Bond perennial not so bad

Philip Bayley
The FSI did not spend a lot of time examining the corporate bond market in its interim report, released yesterday. The report devotes no more than six well-spaced pages to the subject.
 
The overall conclusion of the FSI is that "Australia has an established domestic bond market, although a range of regulatory and tax factors have limited its development".

This conclusion seems contrary to the angst expressed about the undeveloped nature of the market in previous reviews and in commentary from numerous market bodies and participants.

However, the conclusion is consistent with that expressed by Sam Wylie in his report on 'Financing the Australian Business Centre', published by the Australia Centre for Financial Studies (ACFS) last week.

Wylie says that, "Australia has a bond market that matches its position as a small, open economy with large commodity and service sectors, a dominant domestic banking sector and a substantial and persistent current account deficit".

He also says, "No major policy initiative is needed to support the domestic corporate bond market. But is (sic) important the policy makers avoid providing additional support for the banking channel at the expense of the bond channel."

The FSI's thoughts on the range of regulatory and tax factors that have inhibited the development of the domestic bond market may also be drawn from Dr Wylie's report.

In the report, it is argued that the Federal Government has favoured banks over other channels of capital distribution, especially the corporate bond and securitisation channels.

This favouritism may damage the future financing of Australian business by inhibiting the natural development of non-bank channels.

Nevertheless, the FSI says: "the proportion of debt funding for Australian corporates that is intermediated by banks is broadly consistent with that of other advanced economies with the exception of the United States, which has an unusually large corporate bond market."

This is broadly true, although it ignores the existence of the Eurobond market which, while not as large as US bond markets, serves issuers and investors globally.

The size of US bond markets is the product of the Glass-Steagall Act 1933, which greatly restrained the activities of US banks (along with prohibitions on interstate banking), and more recent legislation that opened up US bond markets to international issuers and investors, when the competitive threat of the Euromarket was realised.

The Euromarket developed to provide a means of recycling petro-dollars and was greatly boosted by the introduction of the euro.

Large Australian companies, and especially the major banks, favour both the Euromarket and US bond markets over the domestic market.

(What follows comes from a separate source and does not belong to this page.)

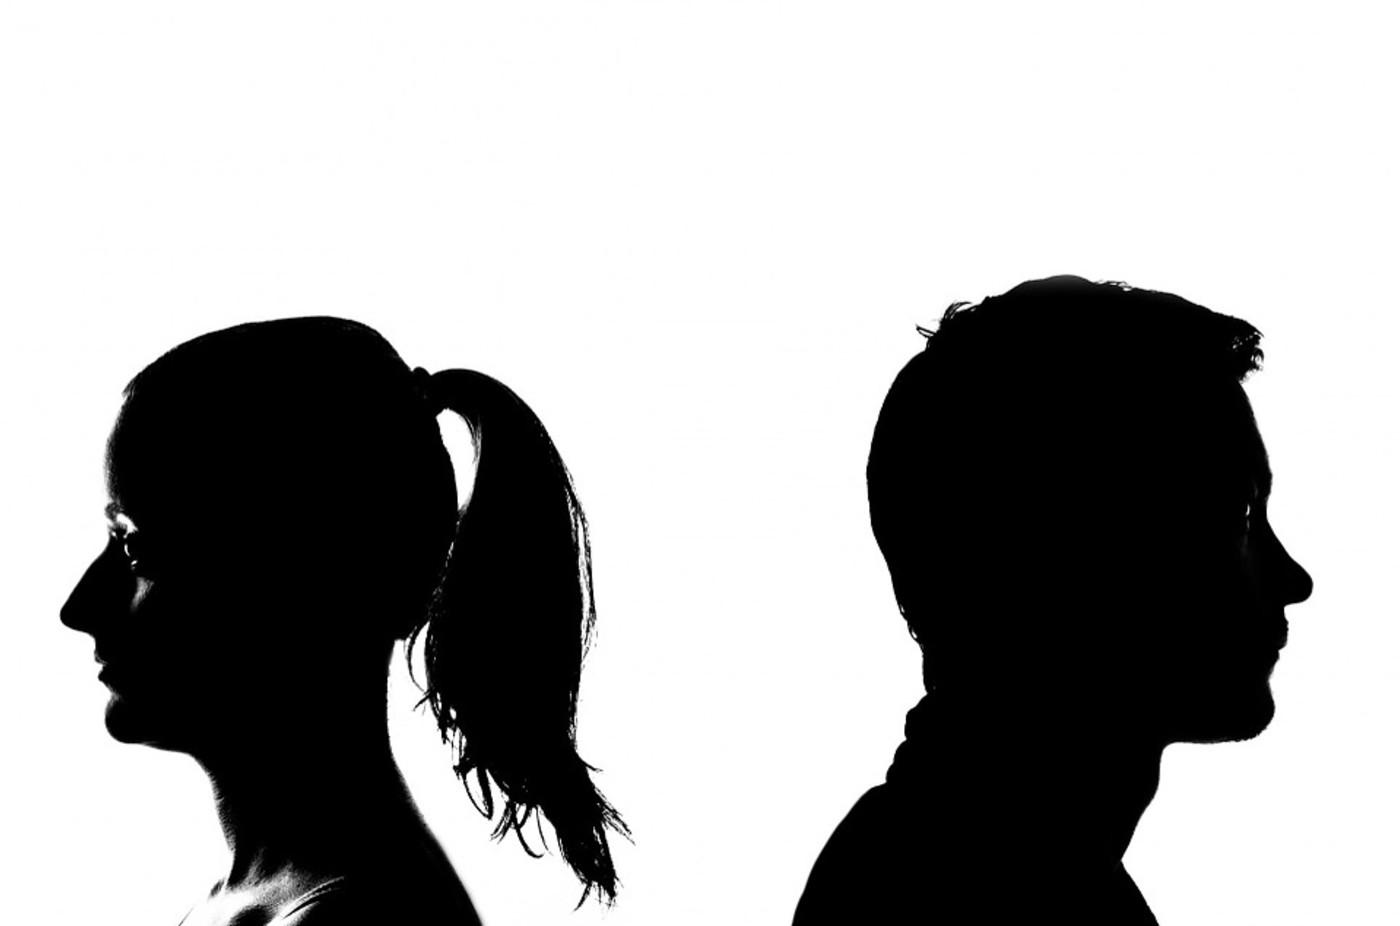 Navike razvod braka

Wylie observes that growth in the use of the domestic market has stalled since the end of 2006, while issuance in international bond markets has nearly doubled over the intervening period.

However, in another report recently released by the ACFS, 'International Linkages: Financial Markets and Technology ', the authors argue that the heavy reliance of Australian companies on international bond markets for debt funding is unhealthy and would leave Australia very exposed in the event of another GFC.

Consequently, there is a need to develop a liquid and resilient domestic corporate bond market.

The authors of this second report, Ralston and Jenkinson, also note that 90 per cent of bonds issued by non-financial Australian companies are held by foreign investors.

This reflects not only the proportion of bonds issued in international markets, but also the fact that international investors are the largest participants as a group, in the domestic market, accounting for around 30 per cent of the bonds on issue, according to ABS data. 

This point is picked-up by the FSI, noting that Australian investors' appetite for fixed income securities is apparently lower than in some other advanced economies.

Australia has a lack of investors because the tax treatment of fixed income securities is unfavourable compared with other savings products, the dominance of defined contribution superannuation discriminates against holding bonds, whereas defined benefit superannuation typically favours bonds, and the lack of superannuation funds in the retirement phase also discriminates against holding bonds, with equities preferred while accumulating capital.

The FSI also points out that the domestic market is relatively illiquid compared with other markets for financial assets, and a lack of issuers makes it difficult for investors to establish well-diversified bond portfolios.

There is a lack of issuers in the domestic market because institutional investors generally require bonds to be rated but issuers balk at the cost, and rating agencies are generally reluctant to provide ratings for use by retail investors, due to licencing requirements.

And there are the costs and liabilities associated with prospectus production that confront companies contemplating issuing bonds to retail investors.

While this latter issue is dealt with in legislation currently before Parliament, it is one reason behind Ralston and Jenkinson's observation that less than 0.5 per cent of Australian of Australian fixed income securities are listed on the ASX. Moreover, only one per cent of bonds issued in Australia are held by households.

The FSI is seeking further consultation to address these perennial issues.